O neoliberalismo tem a inauguração simbólica nos governos de Ronald Reagan (1981-89) nos Estados Unidos e Margaret Thatcher (1979-90) no Reino Unido. A ideia central é de que o livre mercado deve ditar as regras e que as próprias relações de oferta e demanda darão conta dos problemas sociais e econômicos.
“A solução mais importante tem que vir do Estado, com uma regulação forte. O Estado é um ator social, tem um impacto na sociedade em seu conjunto”, ele disse em uma conversa que tivemos por telefone. “O discurso dominante agora é o contrário. De que a solução tem que vir pelo consumo, supondo que basta que as pessoas tenham capacidade para decidir. Eu entendo que a maior parte das pessoas não tem capacidade econômica para decidir.”
Essa é a questão central para ele: sem uma mudança profunda e sistêmica, a maior parte das pessoas não tem e não terá possibilidade de escolha. É a contramão do argumento central da indústria de ultraprocessados no Brasil e no mundo para frear a ação do Estado. Diz-se que precisamos dar informações para que cada um possa escolher. O trabalho de Otero é mais um a derrubar essa tese.
O que perpassa o livro é a obstinação com o levantamento de informações. O autor cruza vários bancos de dados públicos para defender a ideia de que o neoliberalismo nos trouxe até aqui. Uma pena que os gráficos feitos pela editora, University of Texas Press, pequem por uma apresentação sofrível, que por vezes atrapalha a compreensão.
Entre as conclusões, vale um momento de destaque para o Brasil, líder na inflação de alimentos básicos ao longo desse século. Um movimento que todos nós sentimos na feira, nos mercados, nos armazéns. Um movimento que a apresentadora Ana Maria Braga fez questão de eternizar em 2013 usando um colar de tomates. “Estou usando uma joia”, declarou.
A global parece ter esquecido do assunto, mas os preços dos alimentos continuaram subindo.
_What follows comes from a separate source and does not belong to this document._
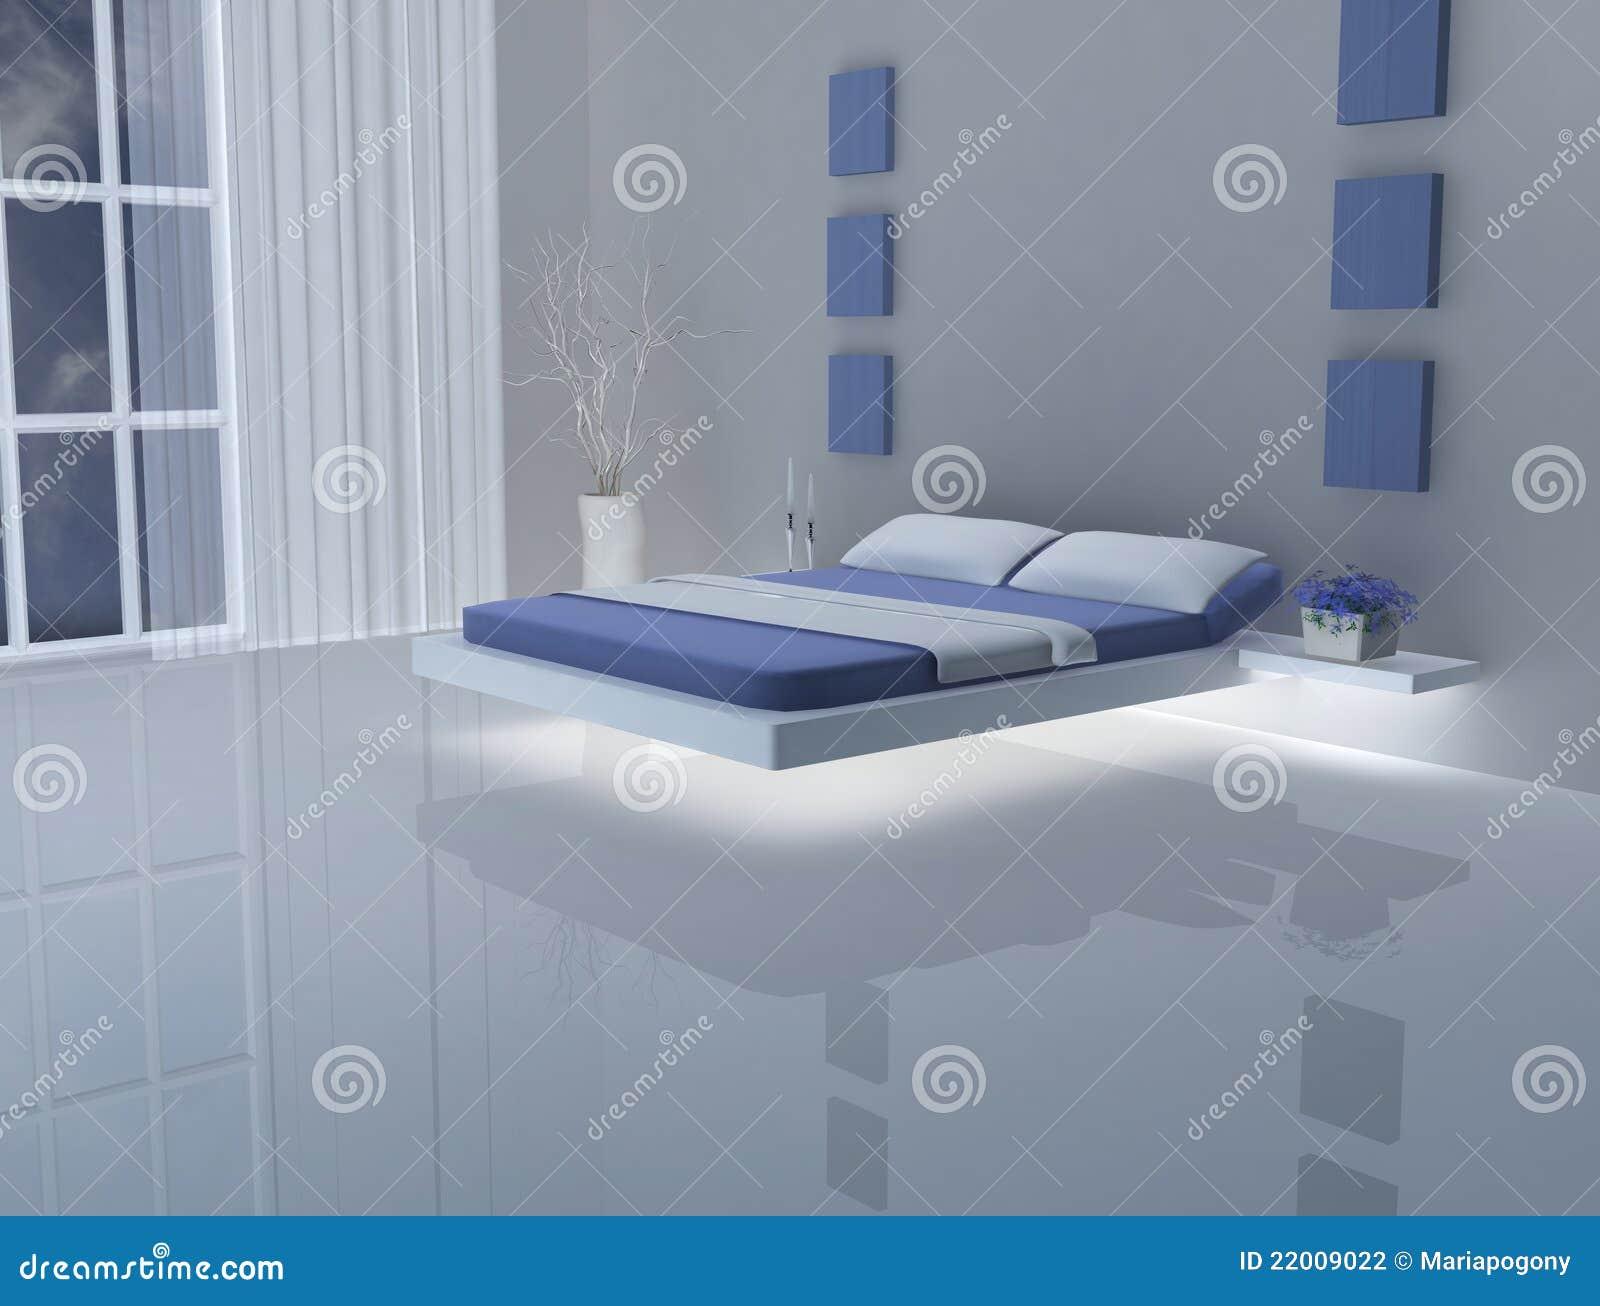 Camera Da Letto Blu Balena : Camere da letto blu e bianca camera da letto blu e bianca foto

Se o tomate a R$ 8 incomodava, a mandioquinha a R$ 10, o pimentão a R$ 12 e as verduras cada vez mais caras e o feijão se tornando inacessível não parecem entrar nas preocupações da emissora responsável pela campanha O Agro é Pop.
Afinal, para isso seria preciso mostrar que o agro é o centro dos problemas. Para Gerardo Otero, quatro fatores conformam a dieta neoliberal: as multinacionais do agronegócio, a biotecnologia, o Estado e os supermercados. Esse último fator é o menos abordado pelo livro. Temos um texto recente sobre o ambiente alimentar de supermercados, de modo que podemos nos concentrar nos outros três.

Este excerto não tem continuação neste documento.